One of the compelling reasons for the conceptual architecture that has been proposed by ExxonMobil to the OPAF is that it allows a concept of best-in-class components to be used in the construction of a new DCS. Components such as controllers, operator stations (MMI), historians, and advanced control/optimization may then be incorporated directly at layer 2 of the control system without depending upon the DCS supplier for data access.

One of the penalties for an open architecture is the lack of a single vendor responsibility for integration of the entire system. For the past 40 years, DCS vendors have built their systems around proprietary interfaces and networks and “productize” these systems to minimize their costs of integration. ExxonMobil believes that by each component supplier building to standardized interfaces and the use of a standardized network supporting those interfaces, that there will be few problems of system integration.

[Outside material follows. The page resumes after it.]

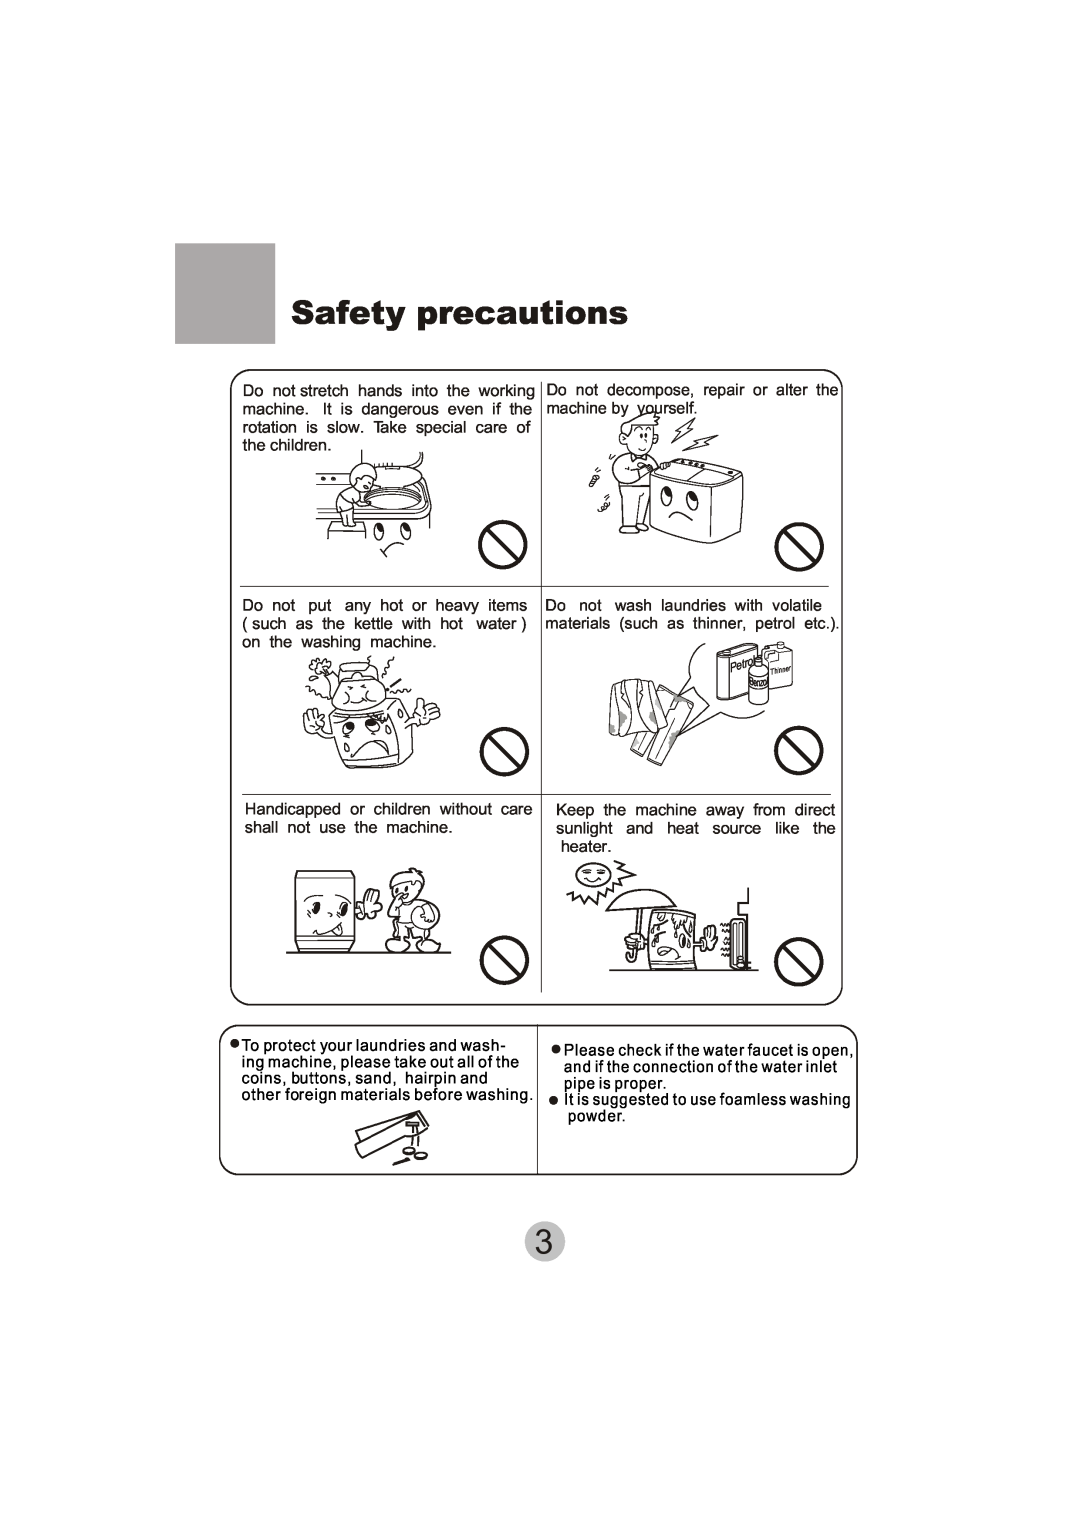 Haier XPB135-LA user manual Safety precautions, Do not decompose, repair or alter the machine by yourself

Currently the only standardized network that fully supports distribution of intelligence to process control field devices is Foundation Fieldbus H1 and HSE. While HSE is an IPv6 protocol network, H1 is not. Therefore, H1 devices cannot fully participate in IIoT functions such as hosting a web page, sending email, or easily providing remote management. The Linking Device is also far more complicated and costly than an Ethernet switch. Finally, there is very little security bound into the protocol for either the exchange of data or for provisioning a new member unit into an operating network. Yet standards for all of these deficiencies currently exist and can easily be applied to an updated specification for Foundation Fieldbus – both H1 and HSE. Furthermore, the Foundation Fieldbus ROM specification defines the functional requirements for the DCN device identified by the ExxonMobil reference model to provide the brownfield solution necessary to integrate the vast installed base of HART and 4/20mA instruments already installed.